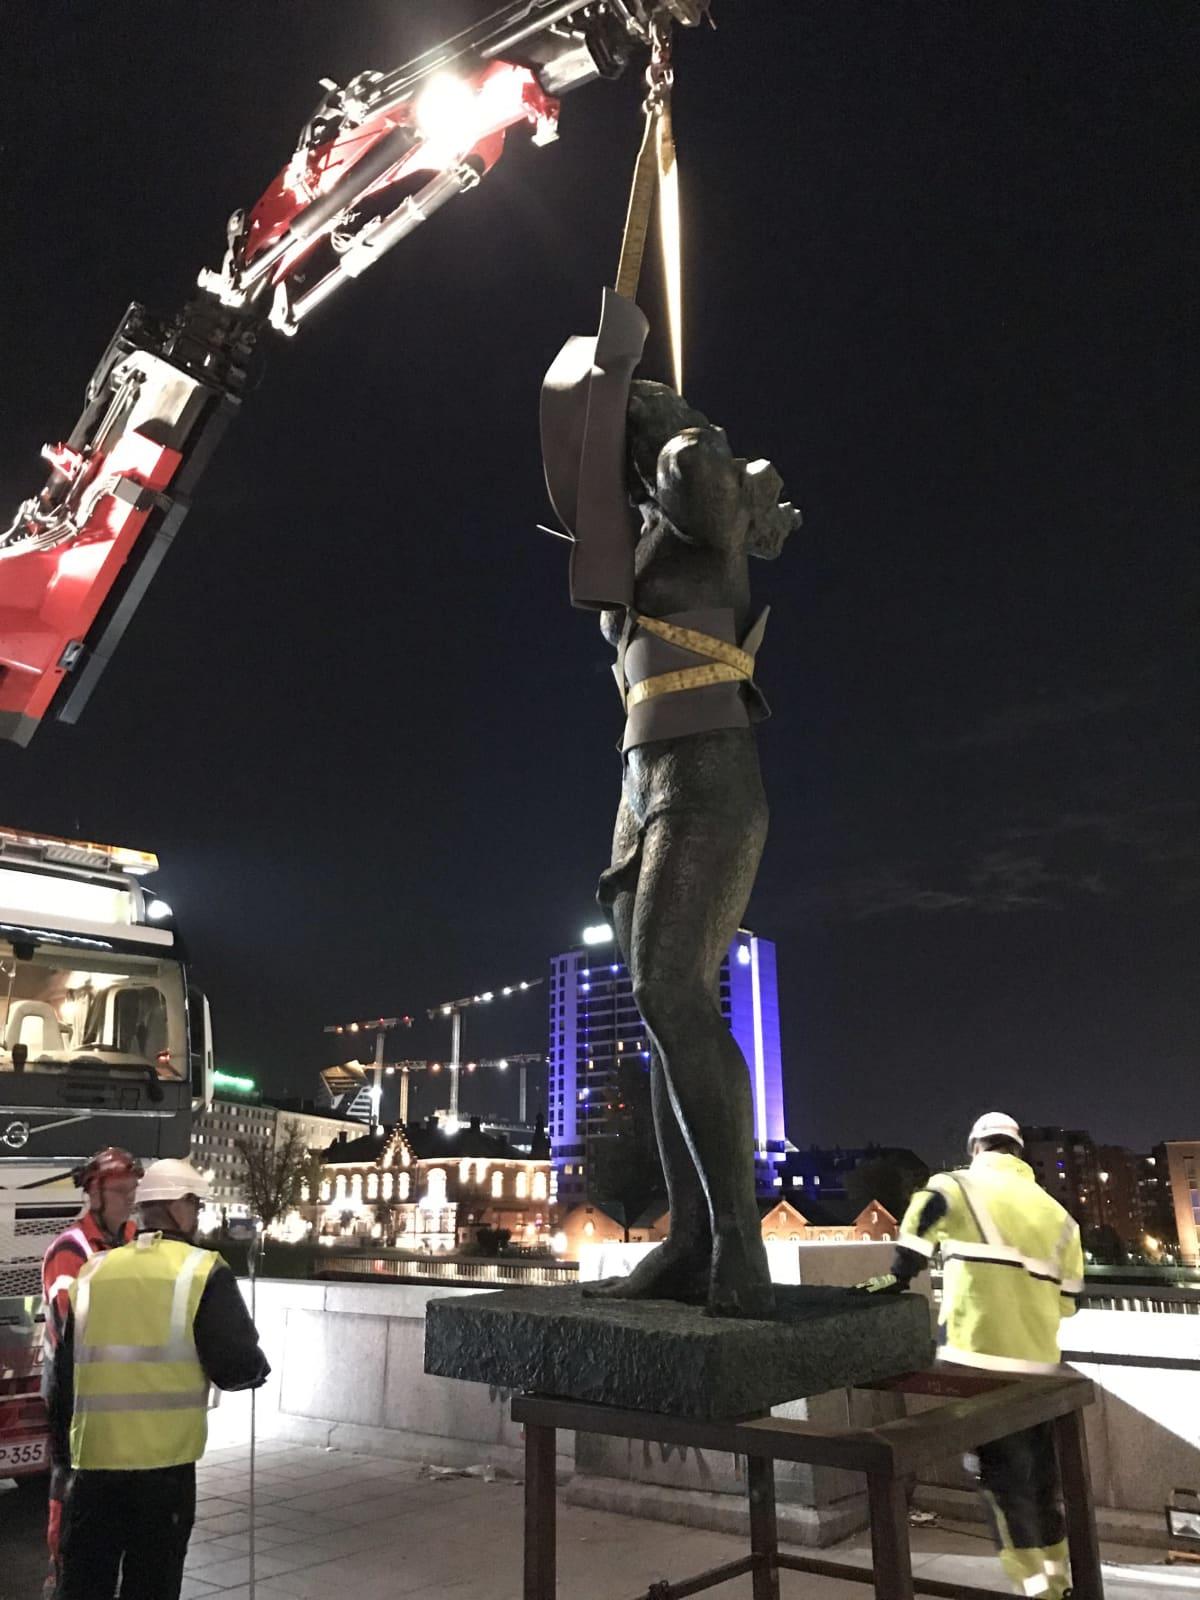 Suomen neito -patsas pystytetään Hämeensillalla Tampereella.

====

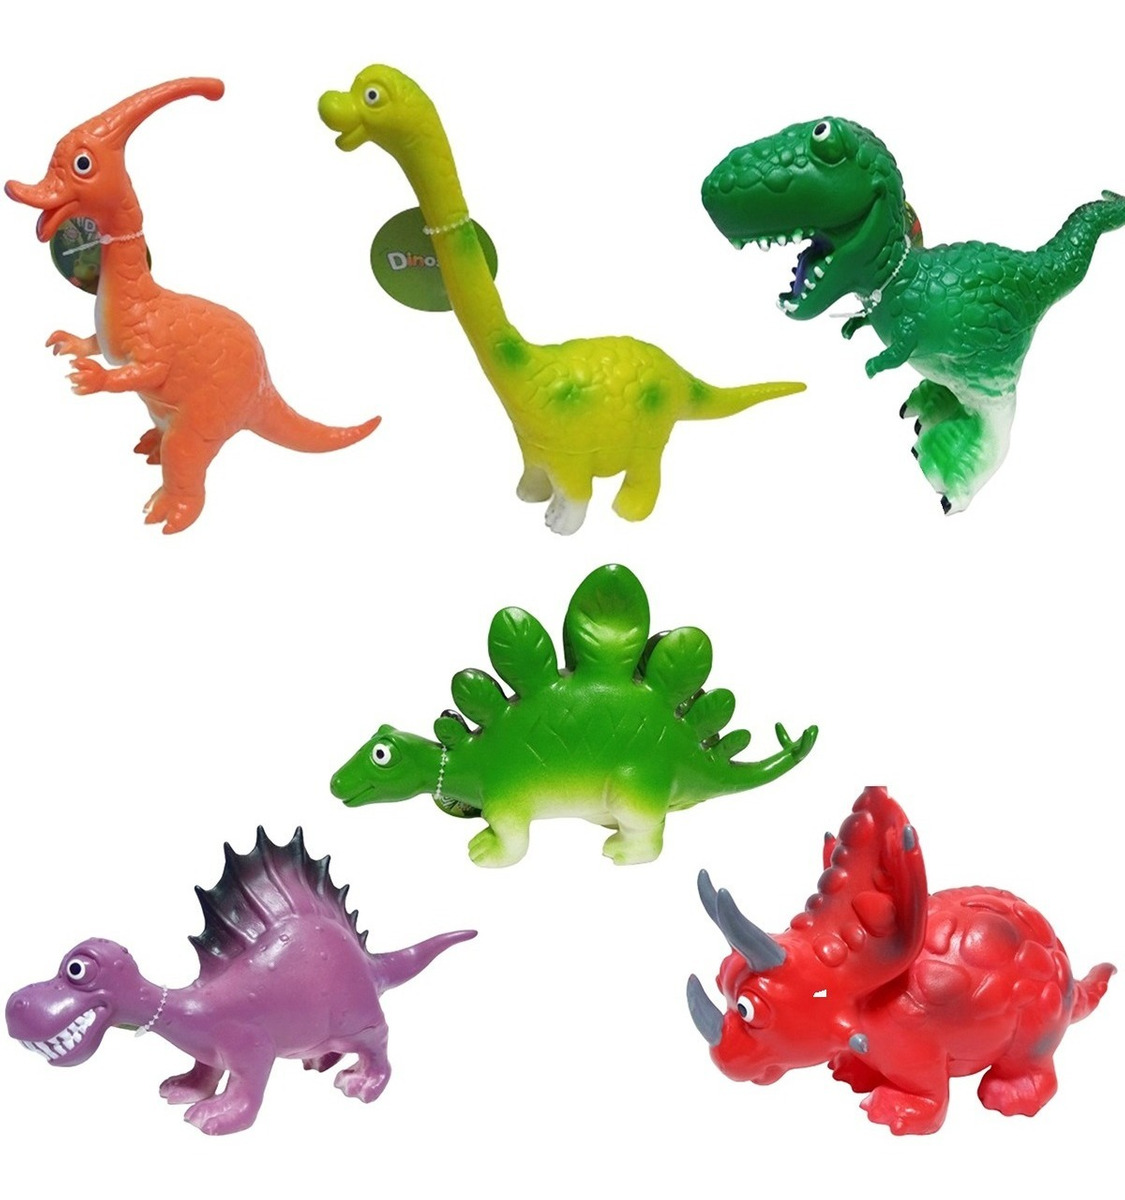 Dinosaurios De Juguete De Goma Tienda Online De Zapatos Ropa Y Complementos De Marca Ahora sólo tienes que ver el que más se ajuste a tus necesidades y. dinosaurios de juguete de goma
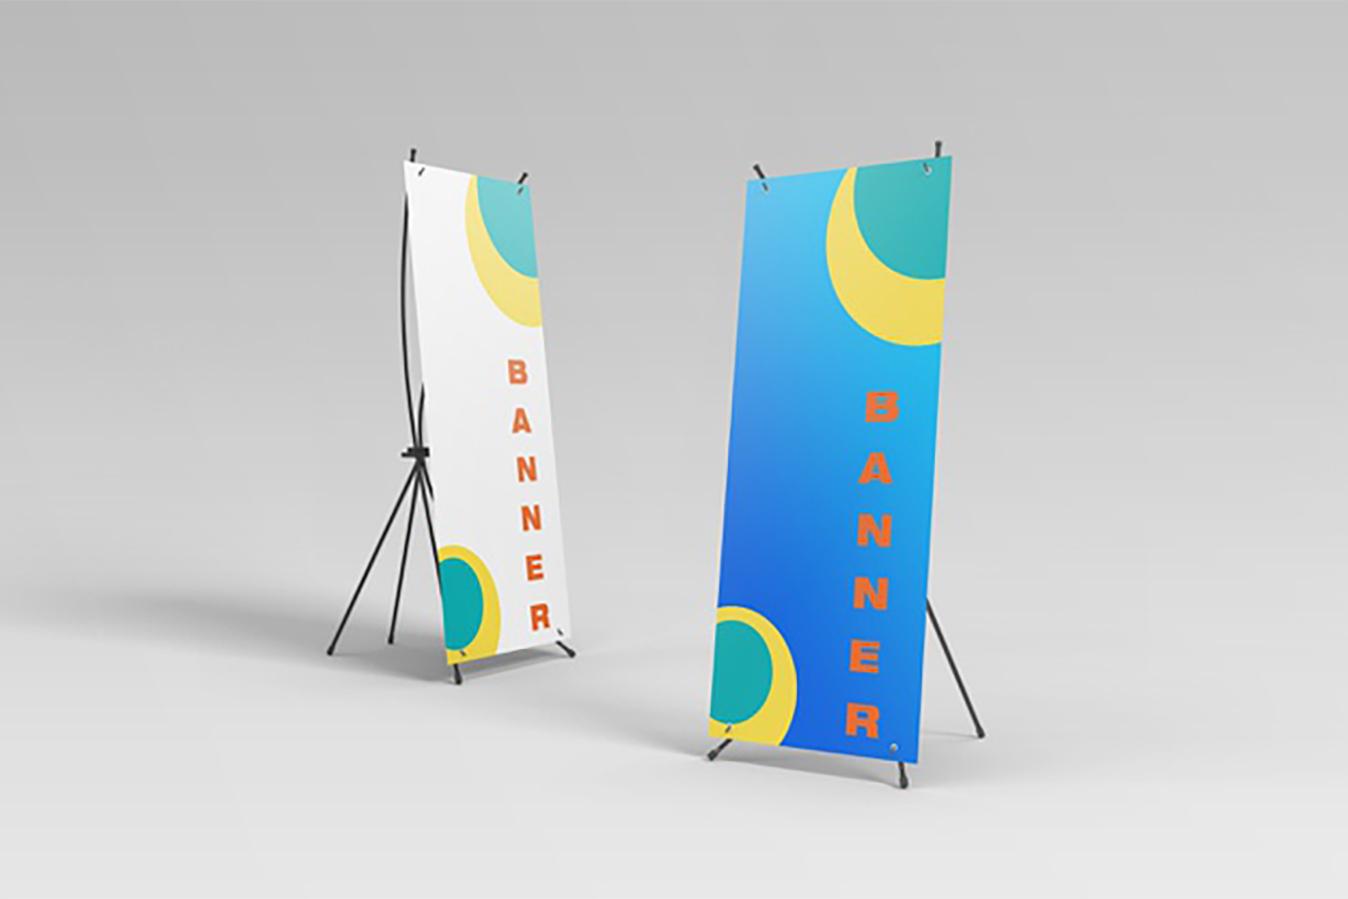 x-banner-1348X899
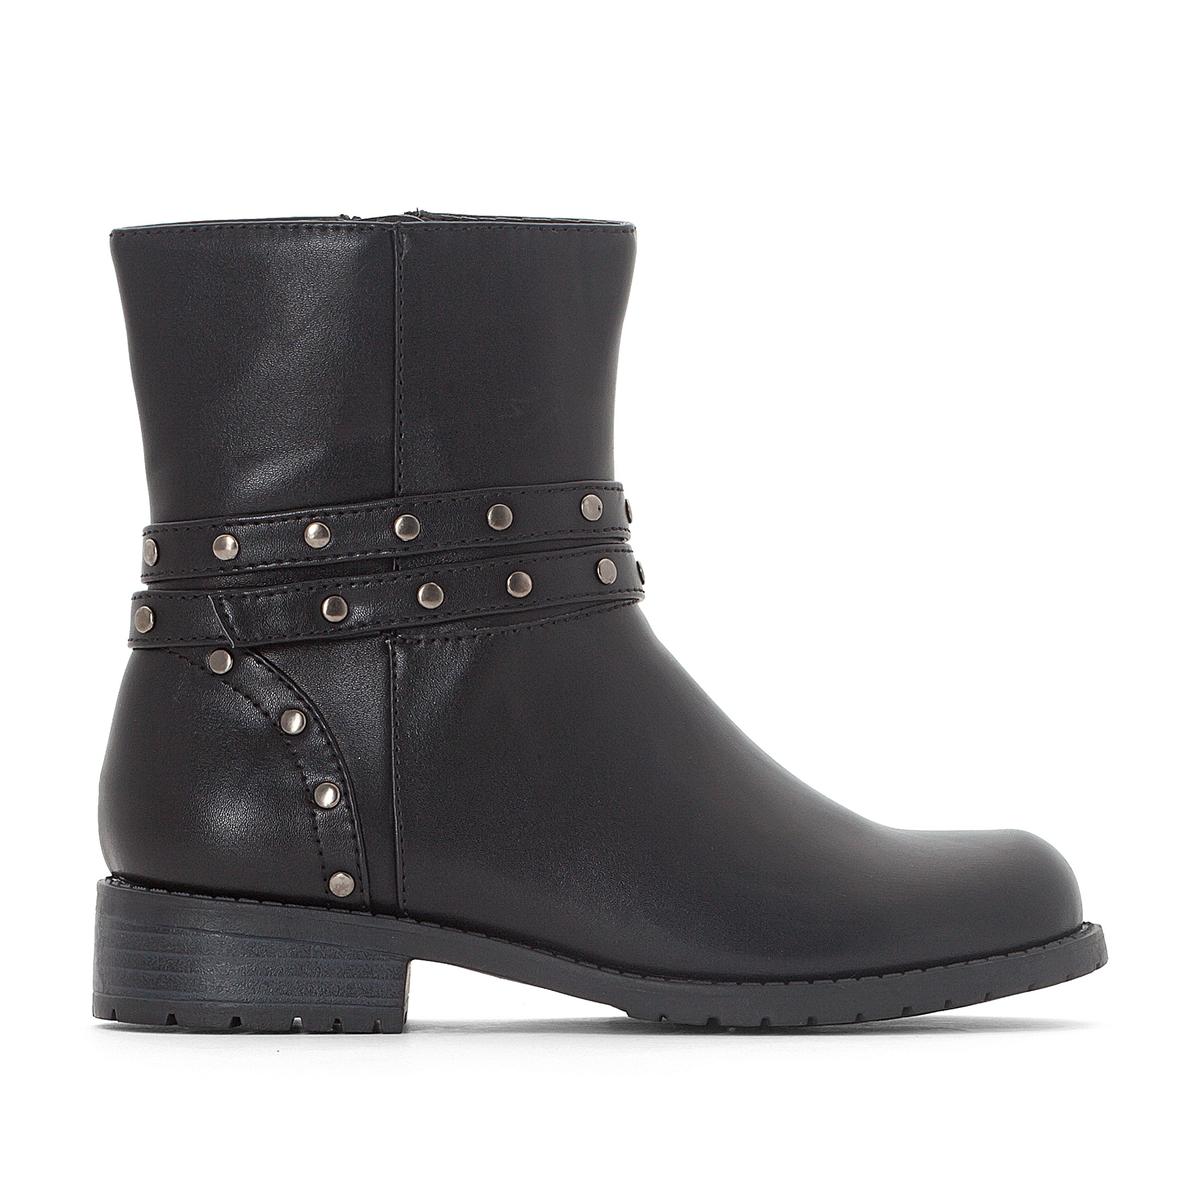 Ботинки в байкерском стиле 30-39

====

**Exercise prompt**. Give again the lines of the listing above that run from the one with "Dinosaurios De Juguete De Goma Tienda" up to and including the one with "Ботинки в байкерском стиле 30-39". Keep them exact and omit the pictures.

**Exercise output**.
 Dinosaurios De Juguete De Goma Tienda Online De Zapatos Ropa Y Complementos De Marca Ahora sólo tienes que ver el que más se ajuste a tus necesidades y. dinosaurios de juguete de goma
 x-banner-1348X899
 Ботинки в байкерском стиле 30-39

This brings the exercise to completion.